Dr. Plimack, what are some of the practical considerations that we need to keep in mind when incorporating these regimens into clinical practice? 

Dr. Plimack:  
Thanks, Dr. Motzer, that was a great overview.  

When considering which of these to start your patient on, I usually look at 3 things. One is, does the patient need a short-term benefit? Do they need a response? Am I worried that if their disease progresses, I won't have another chance to control it? Do they have something causing a symptom or threatening an organ or structure? Those patients, I usually go to the TKI/IO combos. 

And then the other is consideration for subsequent therapy. So any of the IO/TKI therapies all use a TKI in the frontline that then we typically don't use in second-line and beyond. And so selecting something that preserves the most options for later is something we sometimes think about. 

Now, ipilimumab and nivolumab is one of the earliest trials. I remember participating in that with you, Dr. Motzer, many years ago, and now we all still have patients in our practice who benefited from that all those years ago, which is really encouraging. And this was shown in the long-term update—the 10-year update—presented at ASCO, which showed durable responses and patients still alive 10 years after starting this treatment, which would have been unheard of before we had immunotherapy combinations.  

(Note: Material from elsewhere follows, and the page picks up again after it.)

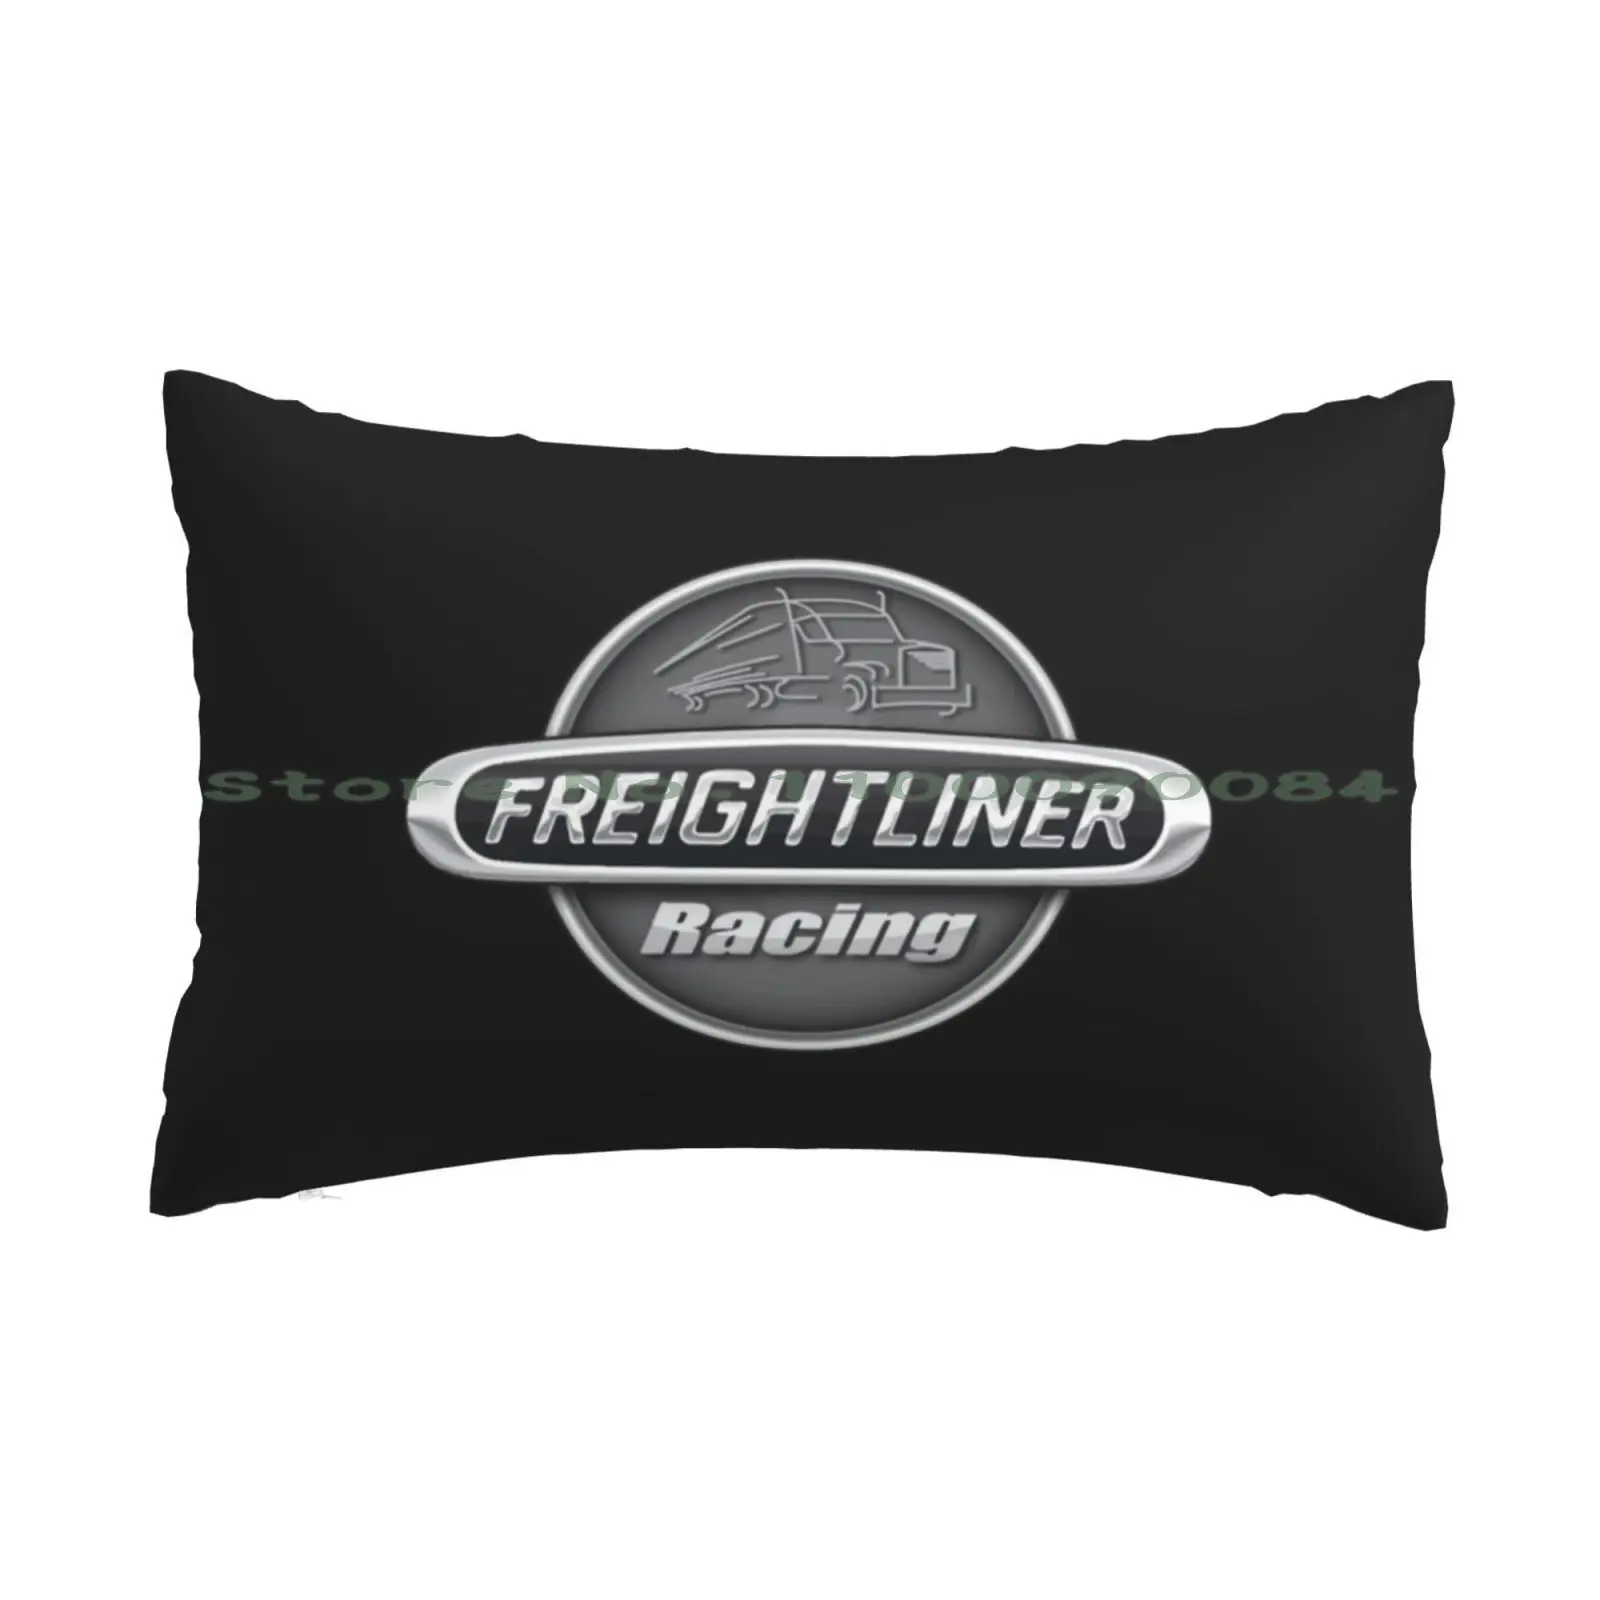 

Freightliner Trucks Pillow Case 20x30 50*75 Sofa Bedroom Sam Winchester Dean Winchester License Plate Number Plate Kaz2y5 67

So if you're really looking for the best-defined long-term results, ipi and nivo may be what you reach for. 

Dr. Motzer, any other comments on those thoughts? 

Dr. Motzer:  
Well, Dr. Plimack, I have to say that my practice pretty much mirrors yours with the same points you raised, particularly the durability with ipi/nivo. 

And on the other side, the response rates with TKI/IO, including lenvatinib and pembrolizumab or cabozantinib and nivolumab, are really very impressive. And so if disease control is needed immediately, then that's certainly a good option. I also tend to use those combinations for patients with favorable-risk RCC because of the underlying kind of biology of the favorable-risk tumors and in my own experience that I've been quite successful in management. 

Now, one of the newer items that we should be aware of is the fact that nivolumab is now available as a subcutaneous dosing schema. And so this can be substituted for IV nivo in patients who are either receiving cabozantinib and nivolumab, or for patients who are on the ipi/nivo program and have completed the doublet aspect of this while they're receiving nivo monotherapy. It may be a good alternative for some patients who prefer not to receive IV medications or in whom scheduling is an issue. 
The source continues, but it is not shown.